Tennant was born into a Scottish business and political dynasty, the youngest son of Edward Tennant, 1st Baron Glenconner who became a peer when Tennant was a child, and the former Pamela Wyndham, one of the Wyndham sisters and of The Souls clique. He was an "uncommonly beautiful boy." His mother was a cousin of Lord Alfred Douglas (1870–1945), Oscar Wilde's lover. On his father's death, Tennant's mother married Edward Grey, 1st Viscount Grey of Fallodon. Tennant's eldest brother Edward – "Bim" – was killed in the First World War. His elder brother David Tennant founded the Gargoyle Club in Soho.

===Social set===
During the 1920s and 1930s, Tennant was an important member – the "Brightest", it is said – of the "Bright Young Things". His friends included Rex Whistler, Cecil Beaton, the Sitwells, Lady Diana Manners, Greta Garbo, and the Mitford girls. He entertained them at his estate, known for its "extensive grounds and lavish interiors."

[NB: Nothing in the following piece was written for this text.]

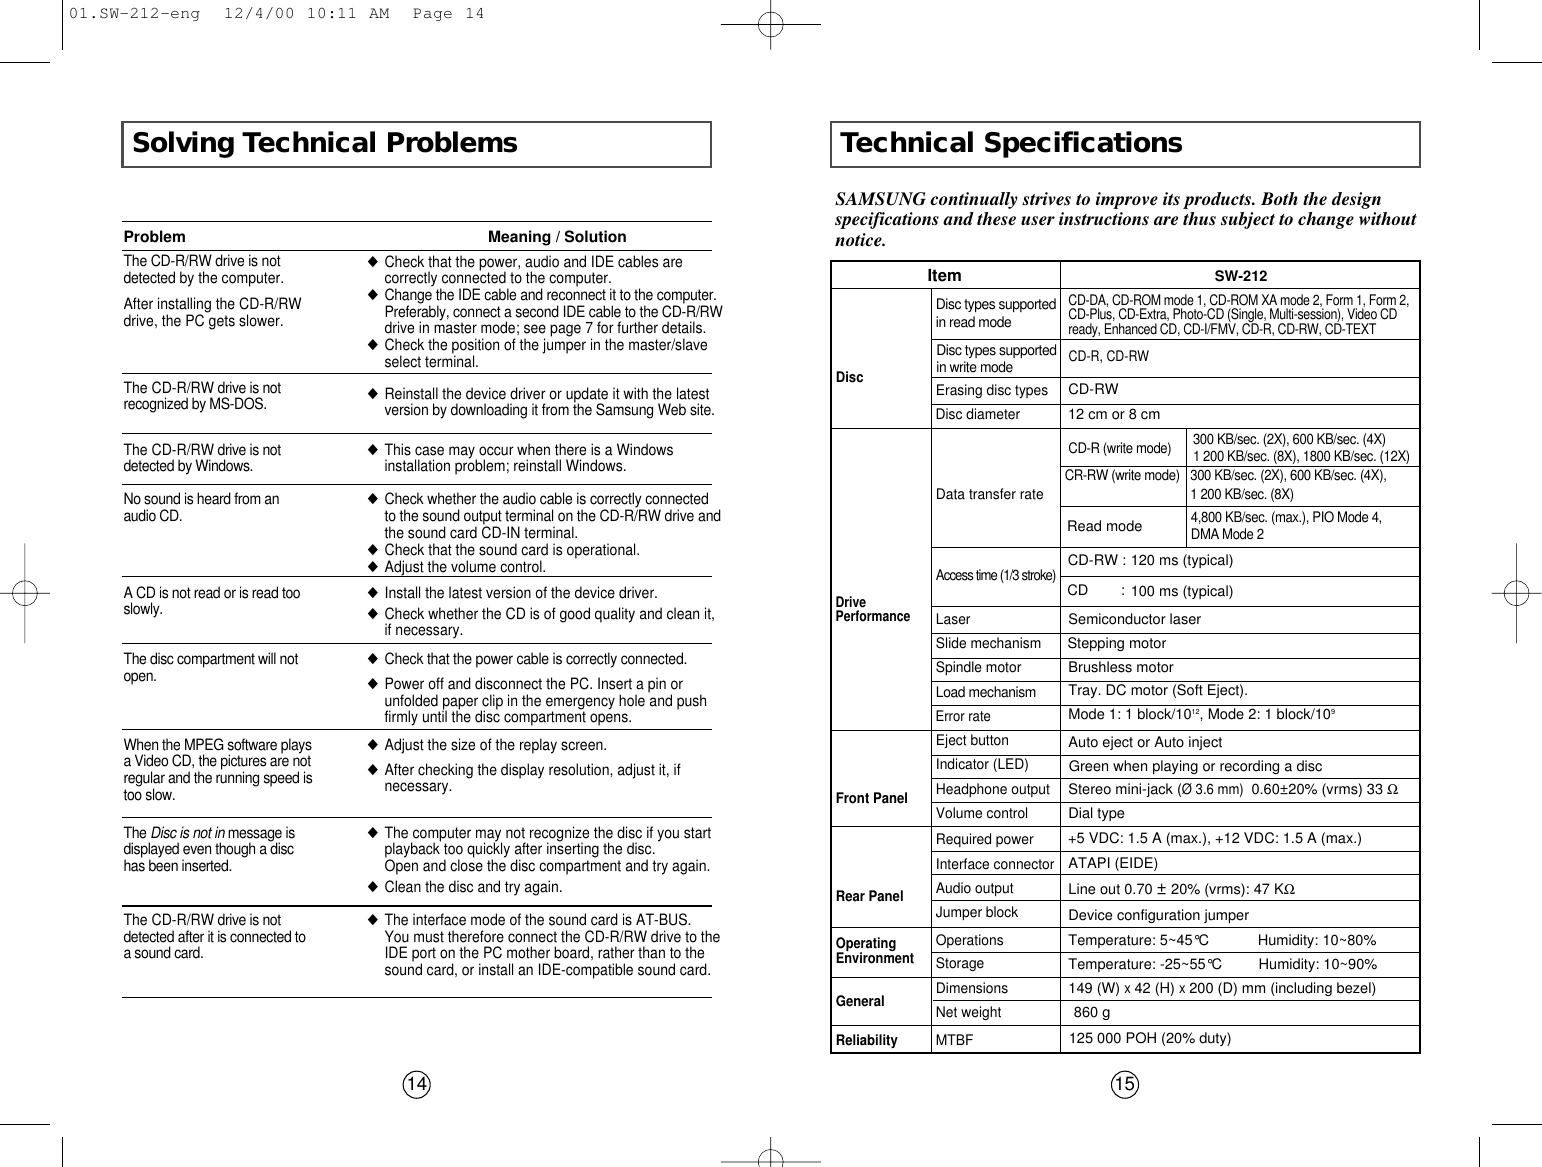 Technical Specifications15SAMSUNG continually strives to improve its products. Both the designspecifications and these user instructions are thus subject to change withoutnotice.CD-R (write mode)   300 KB/sec. (2X), 600 KB/sec. (4X)1 200 KB/sec. (8X), 1800 KB/sec. (12X)DiscError rateRear PanelFront PanelOperatingEnvironmentGeneralReliabilityDrivePerformanceDisc diameterDisc types supportedin read modeData transfer rateAccess time (1/3 stroke)LaserSlide mechanismSpindle motorLoad mechanismEject buttonIndicator (LED)Headphone outputVolume controlDimensionsNet weightOperationsStorage Required powerInterface connectorAudio outputJumper blockMTBFCD-DA, CD-ROM mode 1, CD-ROM XA mode 2, Form 1, Form 2,CD-Plus, CD-Extra, Photo-CD (Single, Multi-session), Video CDready, Enhanced CD, CD-I/FMV, CD-R, CD-RW, CD-TEXT12 cm or 8 cmErasing disc typesCD-RWRead mode 120 ms (typical)Semiconductor laserStepping motorBrushless motorTray. DC motor (Soft Eject). Mode 1: 1 block/1012, Mode 2: 1 block/109Auto eject or Auto injectGreen when playing or recording a discStereo mini-jack (Ø 3.6 mm) 0.60±20% (vrms) 33 ΩDial type+5 VDC: 1.5 A (max.), +12 VDC: 1.5 A (max.)ATAPI (EIDE)Line out 0.70 ±20% (vrms): 47 KΩDevice configuration jumperTemperature: 5~45°C            Humidity: 10~80%149 (W) x 42 (H) x 200 (D) mm (including bezel)860 g 125 000 POH (20% duty)100 ms (typical)Item SW-212Temperature: -25~55°C         Humidity: 10~90%Solving Technical Problems14The CD-R/RW drive is notdetected by the computer.After installing the CD-R/RWdrive, the PC gets slower.◆Check that the power, audio and IDE cables arecorrectly connected to the computer.◆Change the IDE cable and reconnect it to the computer.Preferably, connect a second IDE cable to the CD-R/RWdrive in master mode; see page 7 for further details.◆Check the position of the jumper in the master/slaveselect terminal.Problem Meaning / SolutionThe CD-R/RW drive is notrecognized by MS-DOS. ◆Reinstall the device driver or update it with the latestversion by downloading it from the Samsung Web site.The CD-R/RW drive is notdetected by Windows. ◆This case may occur when there is a Windowsinstallation problem; reinstall Windows.No sound is heard from anaudio CD. ◆Check whether the audio cable is correctly connected to the sound output terminal on the CD-R/RW drive andthe sound card CD-IN terminal. ◆Check that the sound card is operational.◆Adjust the volume control.A CD is not read or is read tooslowly. ◆Install the latest version of the device driver.◆Check whether the CD is of good quality and clean it, if necessary.When the MPEG software playsa Video CD, the pictures are notregular and the running speed istoo slow.◆Adjust the size of the replay screen.◆After checking the display resolution, adjust it, ifnecessary.The Disc is not in message isdisplayed even though a dischas been inserted.◆The computer may not recognize the disc if you startplayback too quickly after inserting the disc. Open and close the disc compartment and try again.◆Clean the disc and try again.The CD-R/RW drive is notdetected after it is connected toa sound card.◆The interface mode of the sound card is AT-BUS. You must therefore connect the CD-R/RW drive to theIDE port on the PC mother board, rather than to thesound card, or install an IDE-compatible sound card.The disc compartment will notopen. ◆Check that the power cable is correctly connected.◆Power off and disconnect the PC. Insert a pin orunfolded paper clip in the emergency hole and pushfirmly until the disc compartment opens.300 KB/sec. (2X), 600 KB/sec. (4X), 1 200 KB/sec. (8X)4,800 KB/sec. (max.), PIO Mode 4,DMA Mode 2CD-R, CD-RWDisc types supported in write modeCR-RW (write mode)CD-RW :CD        :01.SW-212-eng  12/4/00 10:11 AM  Page 14

He is widely considered to be the model for Cedric Hampton in Nancy Mitford's novel Love in a Cold Climate, one of the inspirations for Lord Sebastian Flyte in Evelyn Waugh's Brideshead Revisited, and a model for the Hon. Miles Malpractice in some of Waugh's other novels.

==Writing==

Tennant wrote and illustrated a short book entitled "Leaves from a Missionary's Notebook: The Adventures of Felix Littlejohn," which was originally published in a limited edition in 1929 and reissued in 1986 in celebration of Tennant's 80th birthday. It is a story about the adventures of a missionary sent to the South Seas. For most of his life, Tennant tried to start or finish a novel – Lascar: A Story You Must Forget. It is popularly believed that he spent the last 17 years of his life in bed at the house he inherited from his parents, Wilsford House at Wilsford cum Lake, Wiltshire, which he had redecorated by Syrie Maugham.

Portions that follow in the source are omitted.